Did you know there are children in Perryton who might not eat a meal after they leave school and go home for the night or weekend? For many students, their only meals are the free breakfasts and lunches they receive at school. Thankfully, a newly formed group in town is helping prevent that.

Snack Pak 4 Kids Perryton began serving our local children in February. In its first week, the organization garnered 49 volunteers to pack food for 120 students, 5th grade and under.

The organizations’ volunteers pack 10 to 12 nutritious snacks in plastic bags and deliver them to the schools. The snacks are then discreetly placed in backpacks to be sent home each Friday. Snacks are also provided for siblings who are not old enough to attend school. Elementary-age students are identified by school personnel and then recommended to the program.

How To Help
If you would like to help Snack Pak 4 Kids, you can donate time and/or money. The organization meets every other week on Mondays at 7 p.m. at the Williams school gym to pack snacks. Typically, volunteers assemble a little early to choose snacks, and then they form assembly lines. They finish packing around 7:30 and pray over the food. Upcoming dates include April 1, 15, and 29.

Financial donations are also needed. You can support a student for $133 a year, $11 a month, or $3.05 a week. Donations can be mailed to Joann McCoy at 1609 Harvard. Make checks payable to “Snack Pak 4 Kids” and write “Perryton” in the memo line.

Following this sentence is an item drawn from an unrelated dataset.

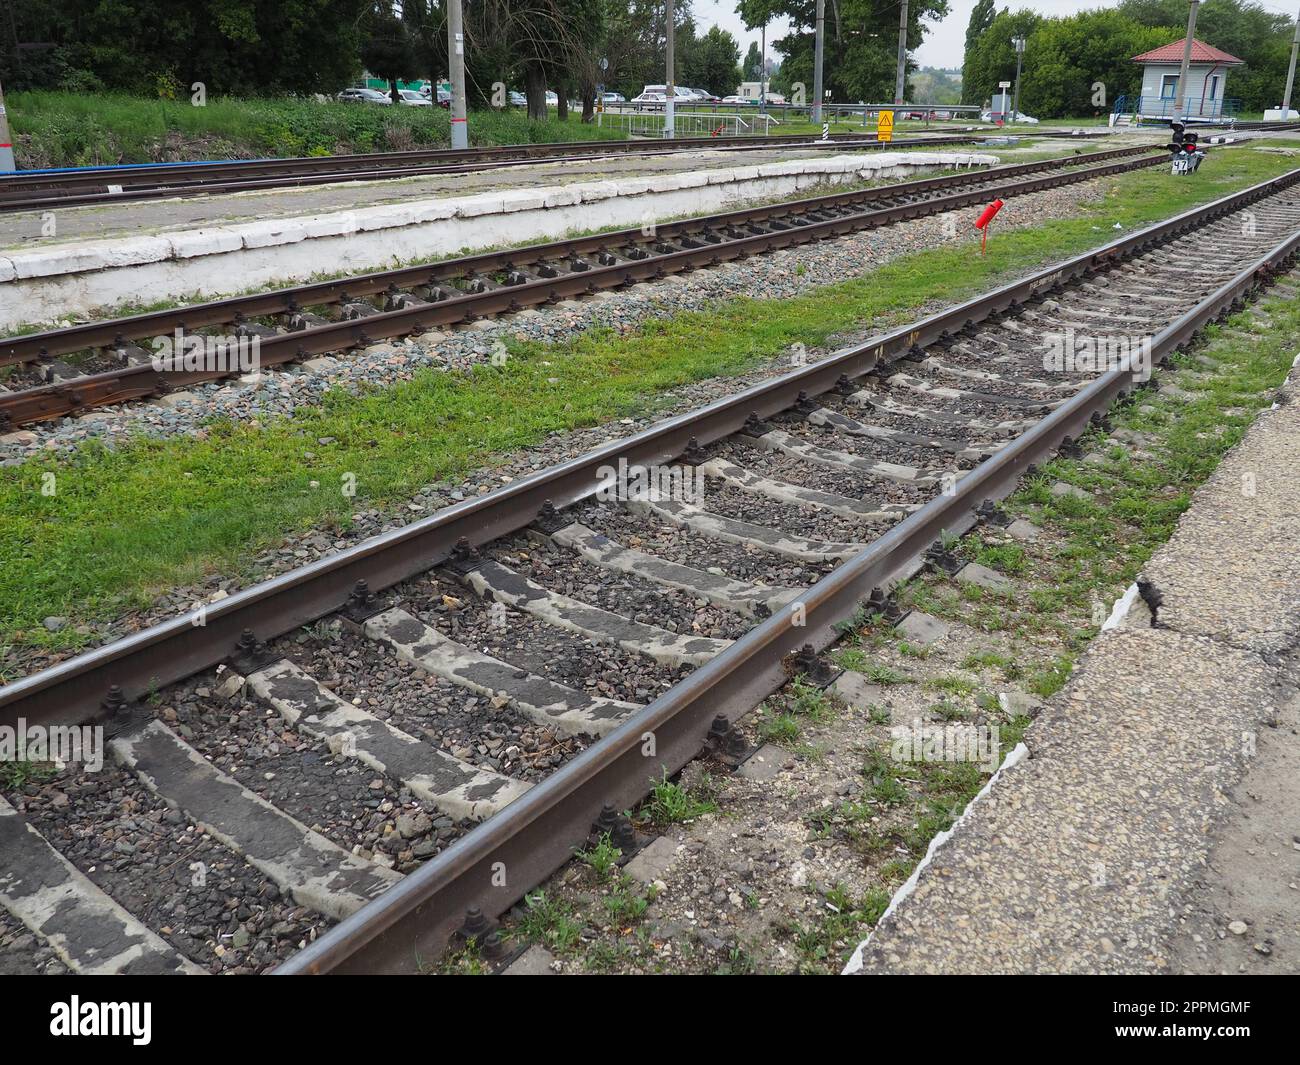 Usman, Lipetsk region, Russia August 7, 2021. Railway crossing. Rails, sleepers, traffic control point. The cars are waiting for the the movement. Traffic light red. Railway equipment and signs Stock Photo

For additional information and reminders, be sure to “like” the Snack Pak 4 Kids Perryton Facebook page.

About Snack Pak 4 Kids
Snack Pak 4 Kids began in September 2010 when a Bushland, Texas, couple realized Amarillo was the largest city west of Dallas without a weekend backpack program. The couple started in their kitchen and fed 10 students. The organization’s mission is to “end weekend hunger for children living in the Texas panhandle by providing a backpack filled with kid-friendly snacks each Friday of the school year.” It currently serves more than 3,000 students in 15 school districts, and its vision is to be in each panhandle community.